Behind the scenes, Blogger allows blogmakers to check out their visitor statistics. As this is a British blog, the biggest number of visitors have invariably and understandably hailed from the British Isles. However, this year I have seen an American takeover and the USA now sits comfortably in top spot.
For example, last month "Yorkshire Pudding" attracted 7412 visits from the USA and only 4535 visits from Great Britain (aka "The United Kingdom"). Incidentally, in third position came another English speaking country - Australia with 1239 visits recorded and fourth came Canada with 779 visits.
Now - how do I feel about this American takeover?

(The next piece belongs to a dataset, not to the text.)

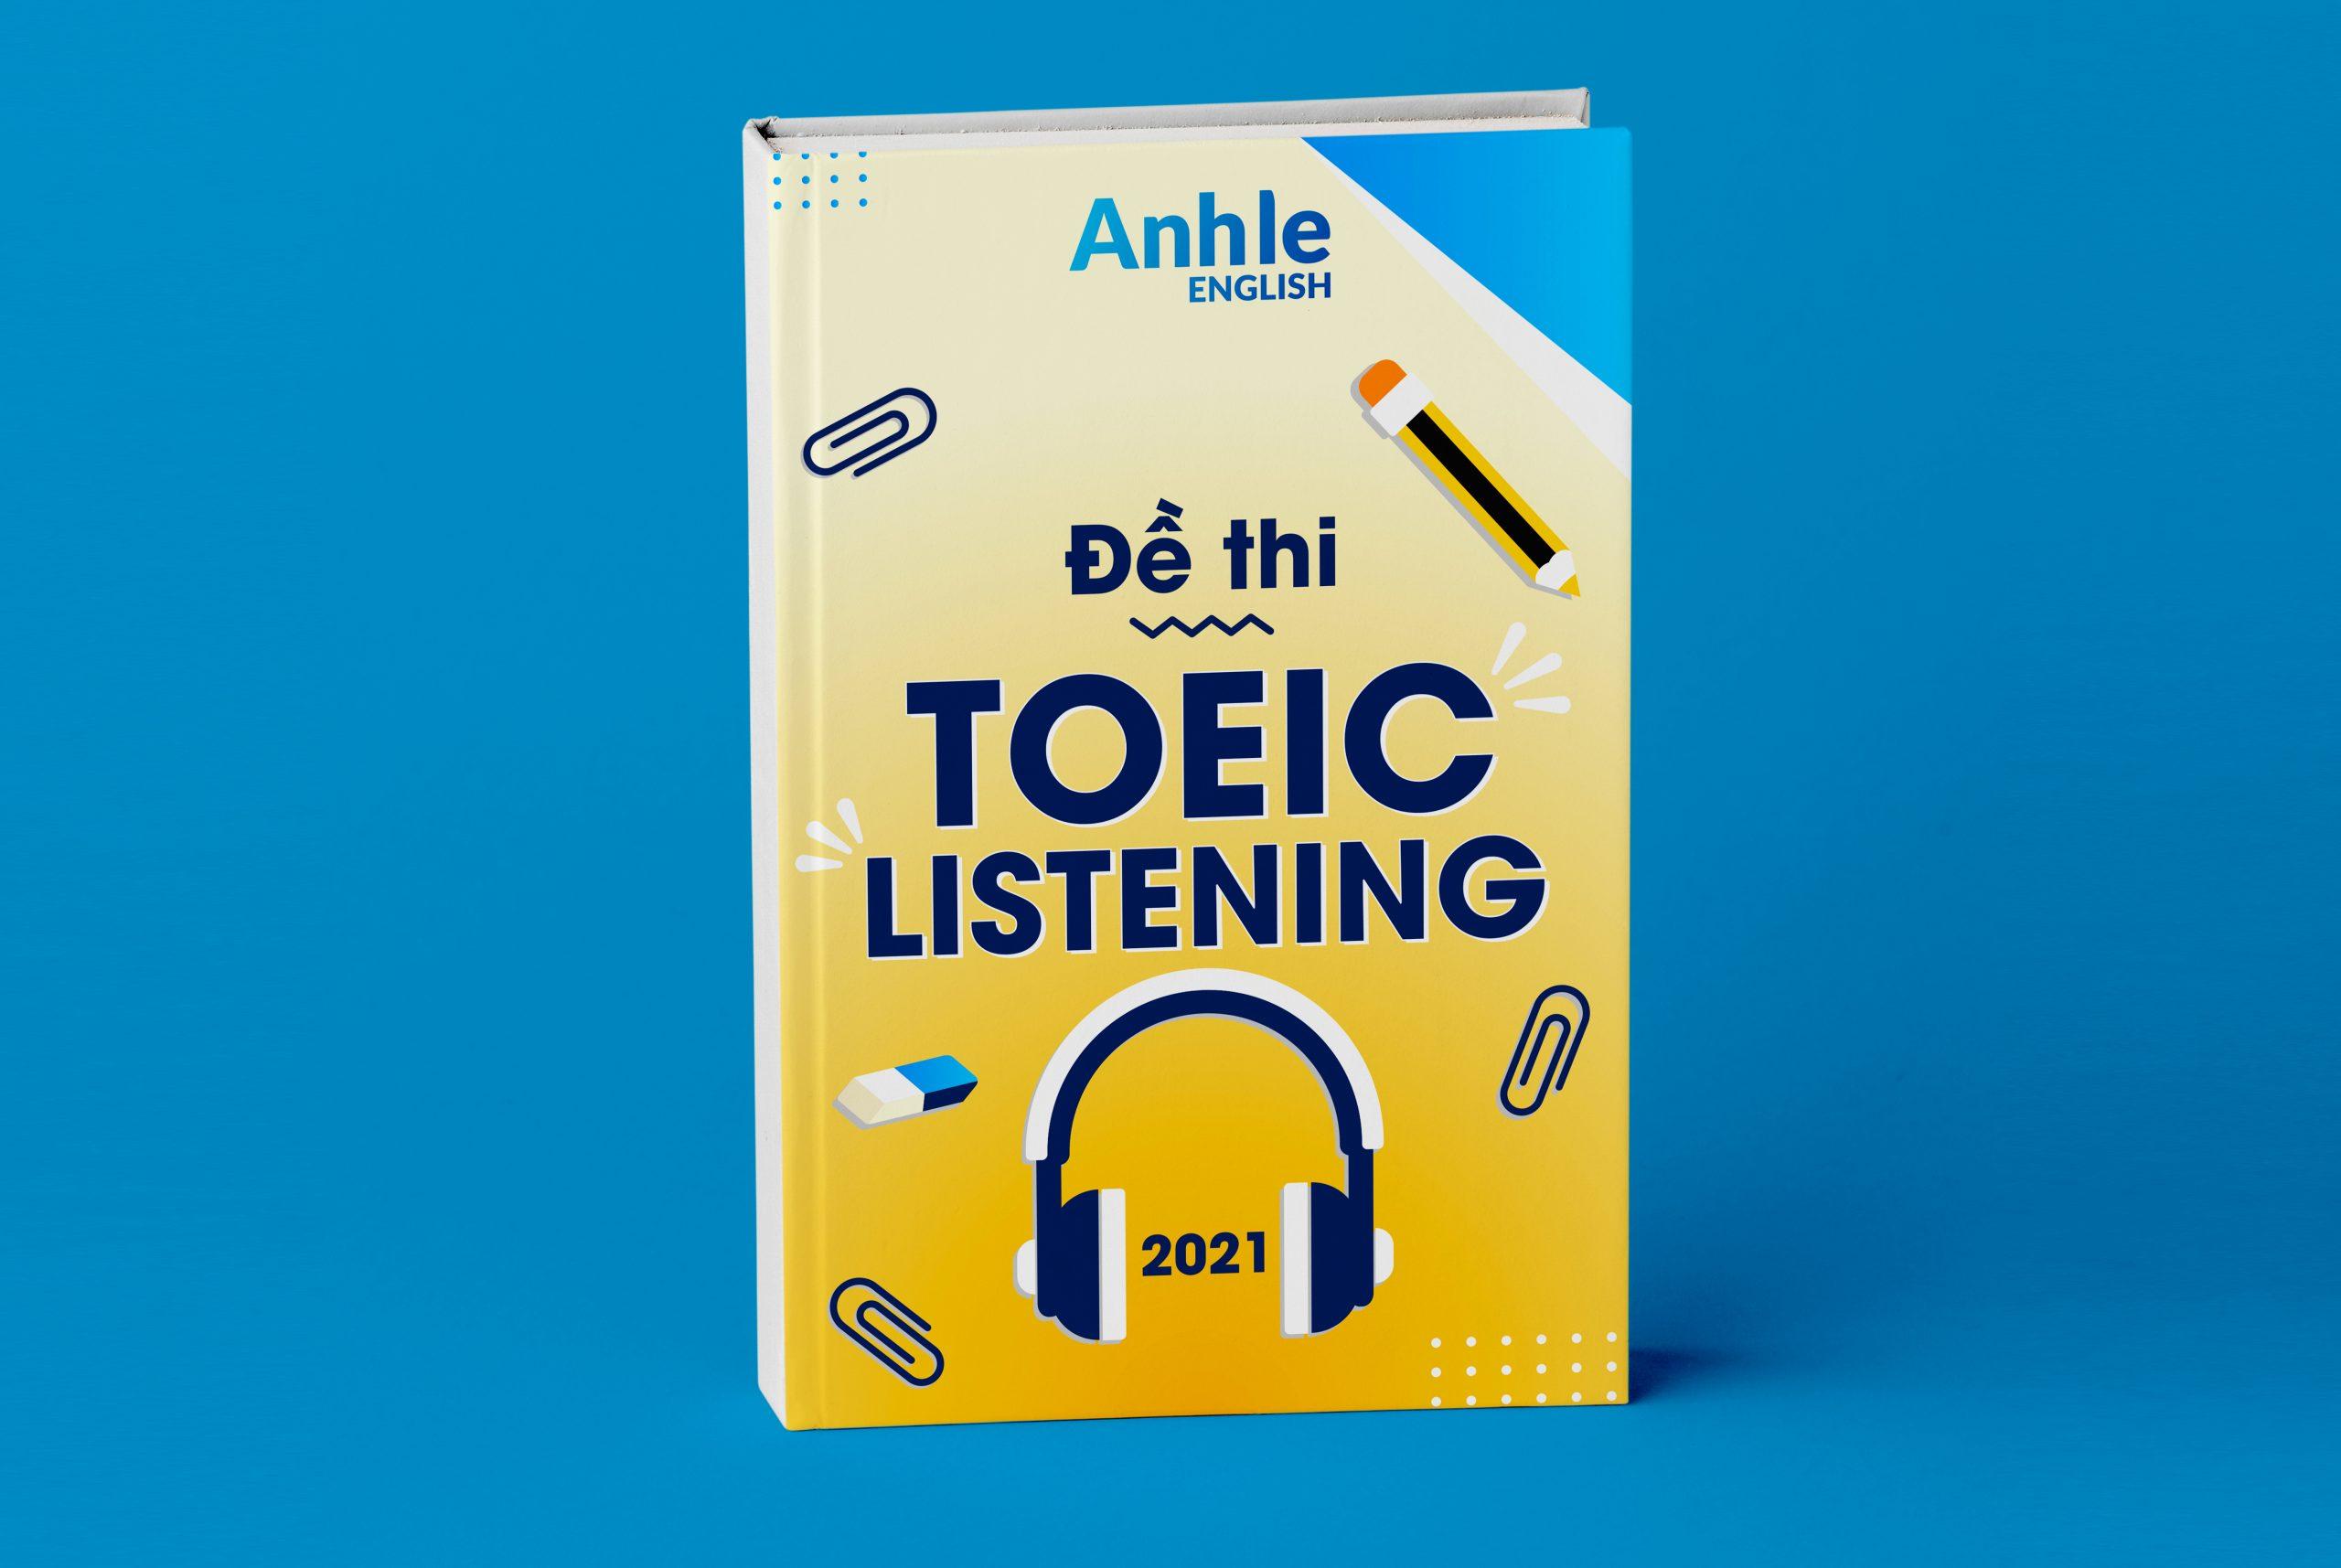 de-thi-toeic-listening-2021

To tell you the truth, I'm rather pleased. As I have confessed before, I am an unashamed Americophile and during my sixty five years I have fortunately been to The States several times. There are lots of things I love about America including its natural beauty, its varied landscapes, its creativity, its bustling cities and its people...well, most of them!

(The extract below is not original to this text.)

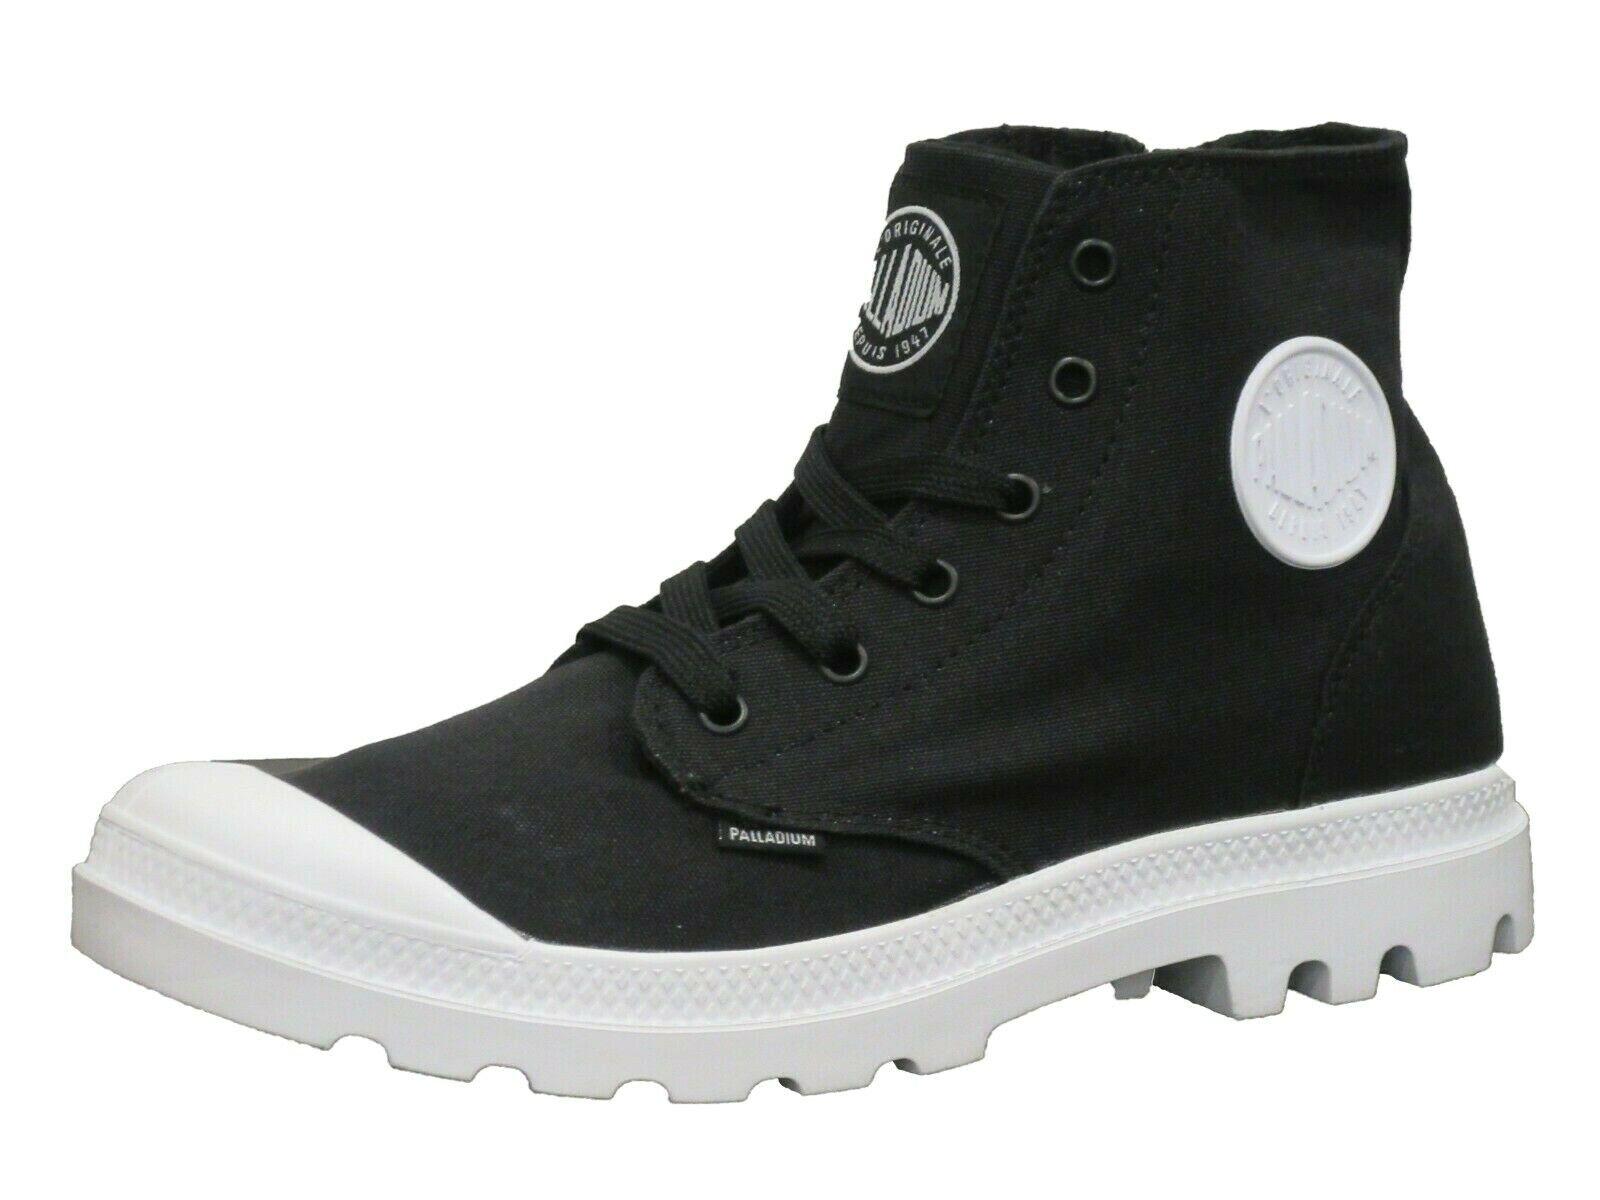 Palladium  white Hi Zipper Black Boots

In my opinion, we should never put all of the inhabitants of a country in one basket. In that respect, generalisation is usually a form of unconscious racism. For example, you might hear someone say "I love the Greek people" or "I hate the French". These are stupid remarks because each Greek is different from the next and the same is true of French people.

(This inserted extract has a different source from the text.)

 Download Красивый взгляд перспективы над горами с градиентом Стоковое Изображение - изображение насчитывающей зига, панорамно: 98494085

Inhabiting an especially wealthy and powerful country that spawned great international media empires and produced "Coca Cola", Microsoft and Ford cars, Americans often come in for unfair criticism. It's easy to knock those who walk in the spotlight and I have heard countless thoughtless and ultimately stupid remarks about Americans such as "Americans are big-headed", "Americans know nothing about the rest of the world", "Most Americans are obese and exist on fast food and fizzy drinks", "American women are sexy", "Americans are naive". It's the generalisation that is so wrong. Don't you agree?
America's present population is 326 million. As with Greeks, each member of that vast community is different from the next. There are still many thousands with Native American blood in their veins and there are black trumpeters and professors, war veterans pushing shopping trolleys filled with all of their worldly goods, people who live in cabins deep in the woods, Latinos. Muslims, loners and party goers, nurses and nutcases, inventors and fishermen, wheelchair users and dancers.
America is like one of those wonderful handmade quilts that adorn so many American beds - a patchwork of differences - shapes and colours and stories. So I say hello to any American visitors reading this blogpost and thank you for calling by. You are very welcome here and please - Have a nice day!